Diagenesis of Terry Sandstone (Upper Cretaceous), Spindle Field, Colorado

Abstract

ABSTRACT This study discusses the influence that sedimentology, diagenesis, and basin subsidence history have on porosity and permeability of the Upper Cretaceous Terry sandstone of Spindle field in the Denver basin. The Terry sandstone consists of lithic subarkoses and feldspathic litharenites deposited in a marine bar complex. The reservoir facies, which was deposited in a marine bar crestal position, is a cross-bedded sandstone with a mixture of primary and secondary macropores. Approximately half of the pore volume is microporosity associated with clay minerals and lithic fragments. The nonreservoir facies was deposited on the bar-flank margin as lower-energy, alternating layers of mud and sand, which were extensively bioturbated to produce muddy sands. Ductile deformation of lithic fragments is a major factor in porosity loss for the reservoir facies. Chlorite and calcite are the most important mineral cements. Authigenic quartz, dolomite, ferroan calcite, kaolinite, feldspar, pyrite, and tourmaline are present in minor to trace amounts. Precipitation of these minerals is believed to be related to the evolution of marine water.

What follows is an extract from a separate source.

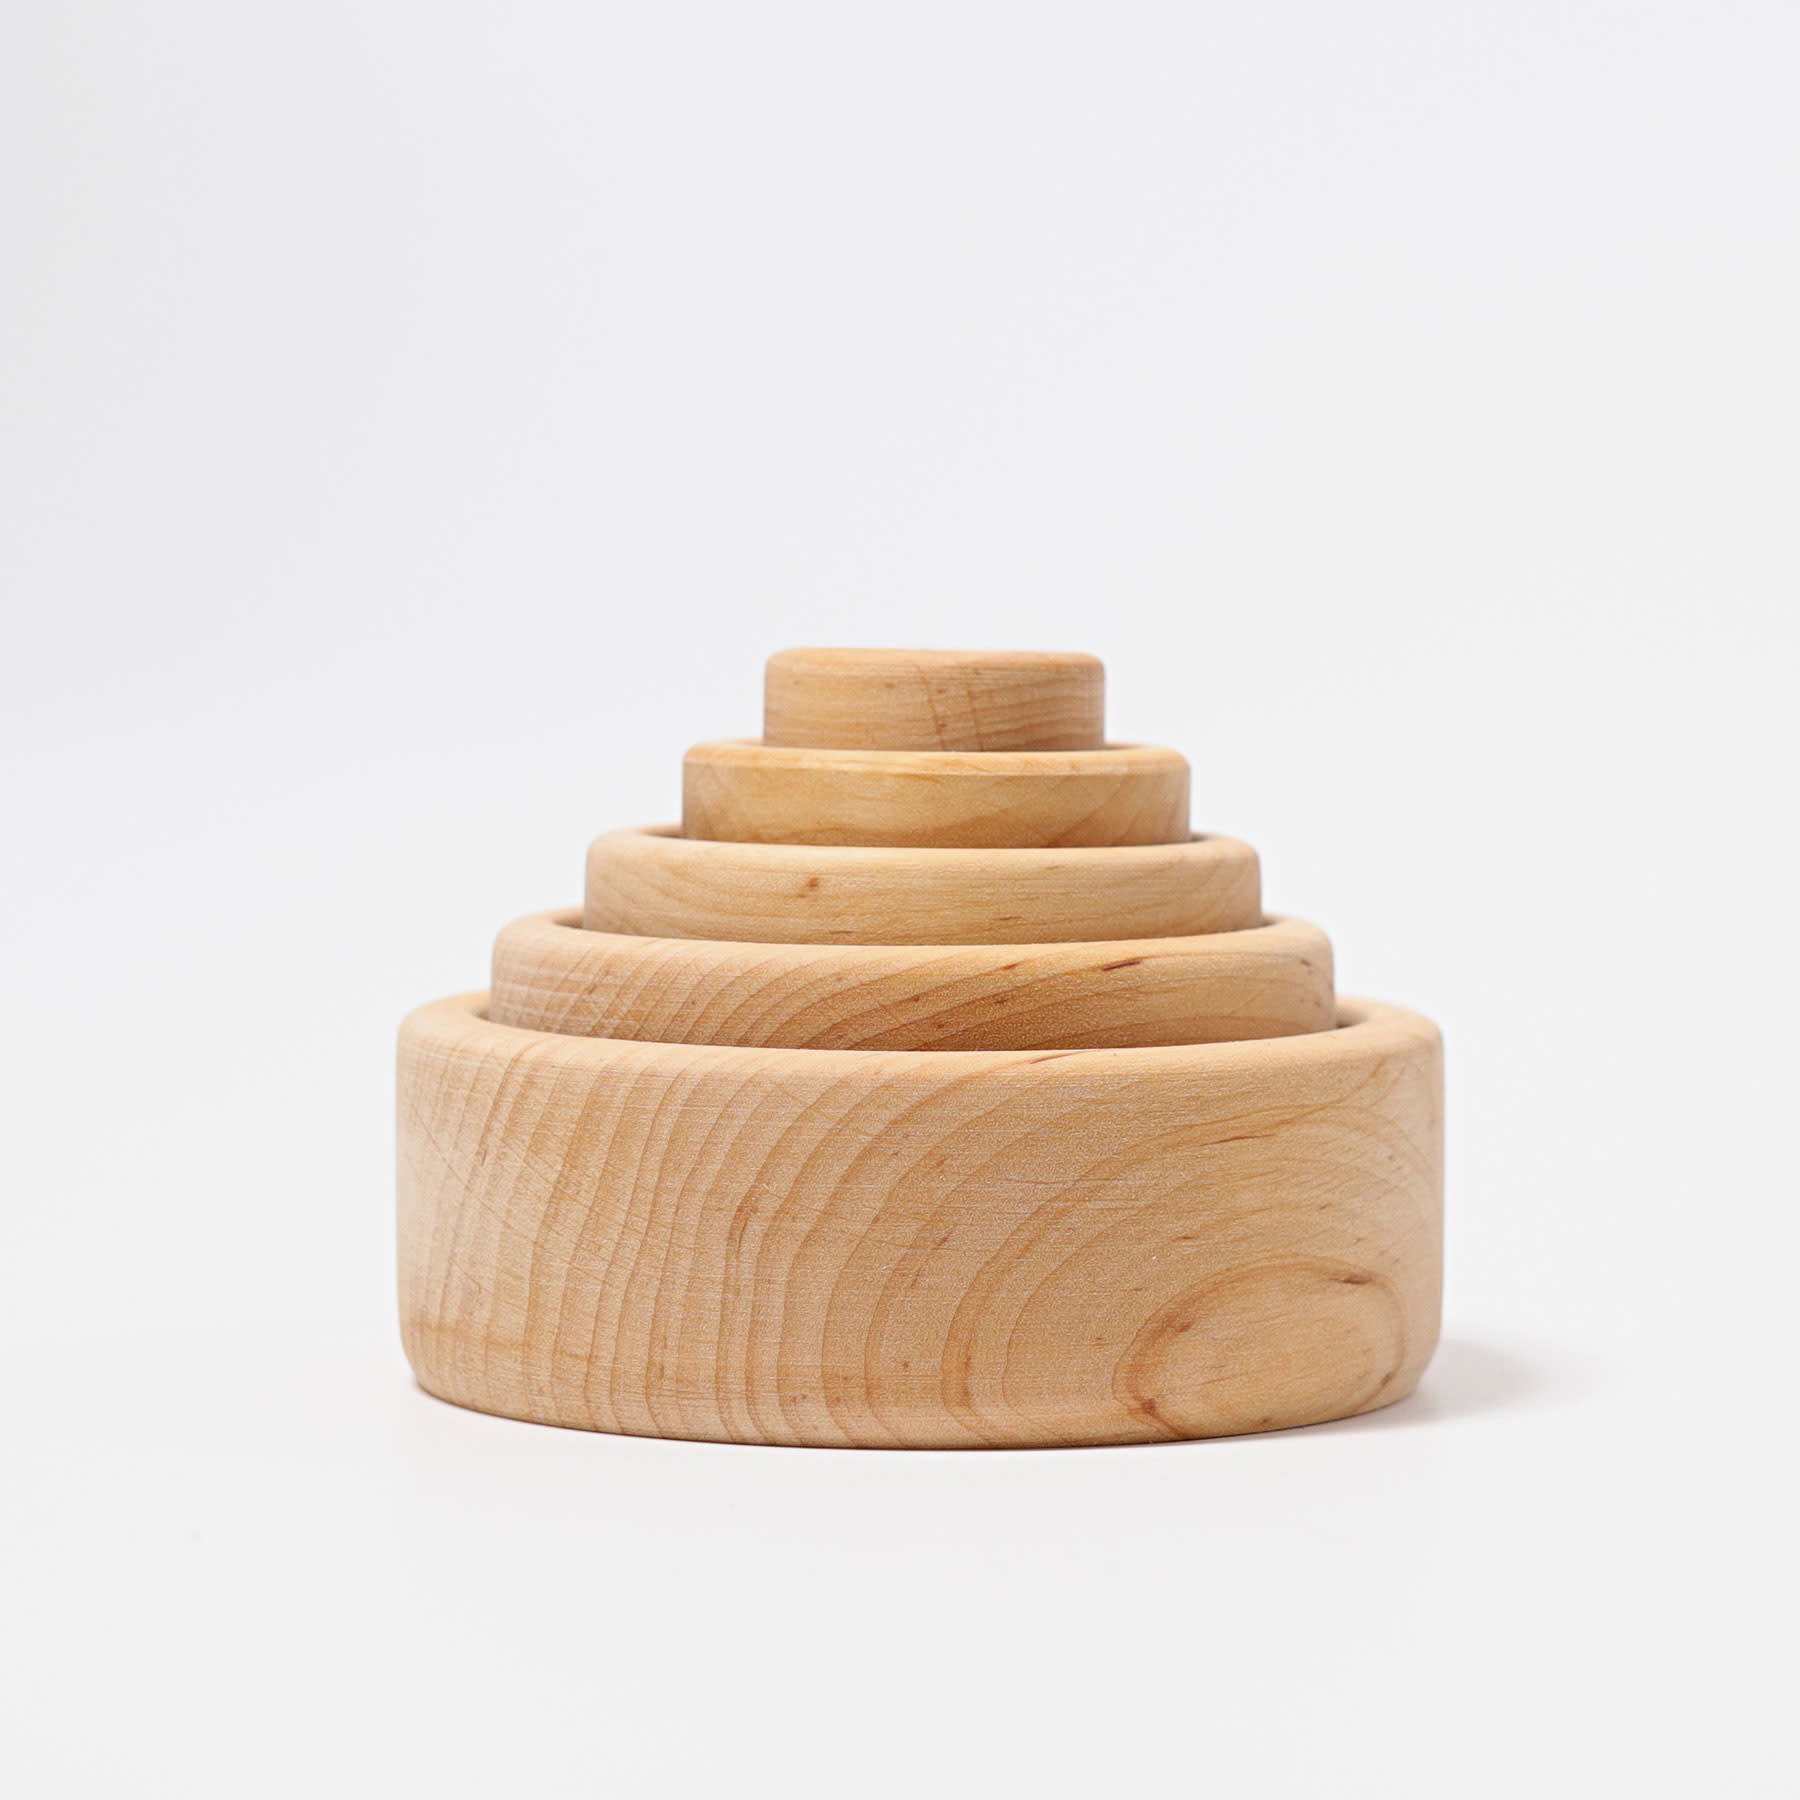 Grimm's Toys Set of 5 Stacking Wooden Bowls - Natural - 4"
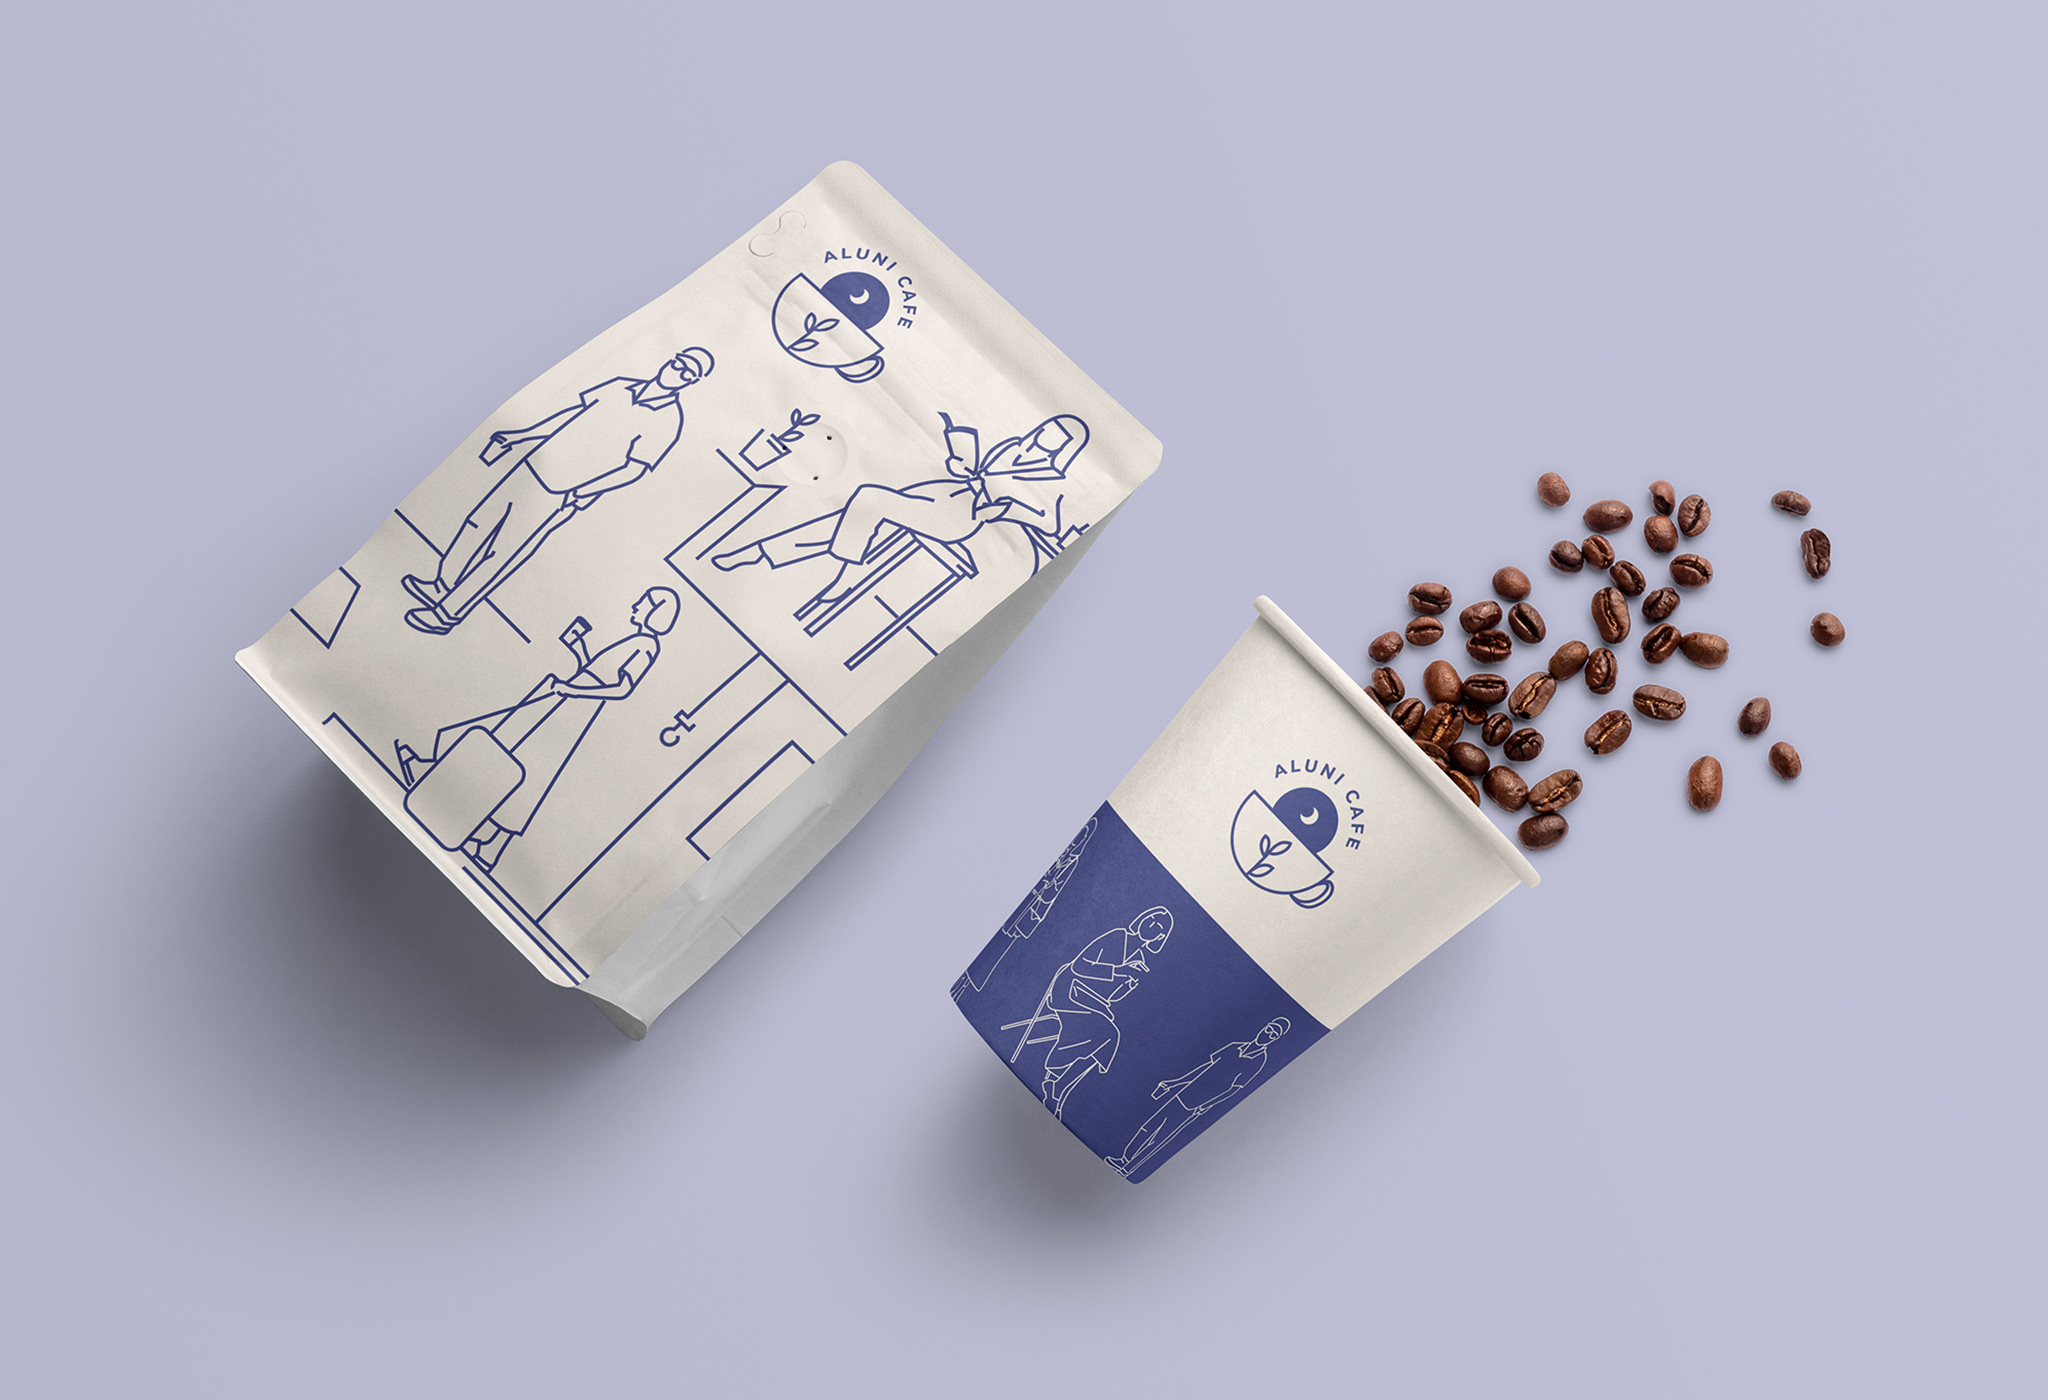 Mockup of cup and coffee package design for Aluni Cafe, an imagined coffee shop.

Secondary porosity formed by dissolution of pore-filling and replacement calcite and framework feldspars. Sandstones with pervasive calcite cement have no secondary porosity developed, which suggests some permeability may be needed to develop secondary porosity. Plagioclase feldspars become more albitized with increasing depth. A temperature-depth subsidence profile predicts a maximum temperature of only 85°C, at least 15° lower than in Tertiary rocks, which suggests that kinetic considerations may also be important to albitization. Vitrinite reflectance (0.65%) and interbedded shales with ordered mixed-layered illite/smectite with up to 50% expandability also support the lower temperature regime. Calculations suggest that seawater can supply sufficient sodium to account for albitization. Albitization proceeded more rapidly in permeable sandstone, where the plagioclase was in direct contact with the pore fluids. Plagioclase in relatively impervious sandstones eventually became albitized, probably through diffusion.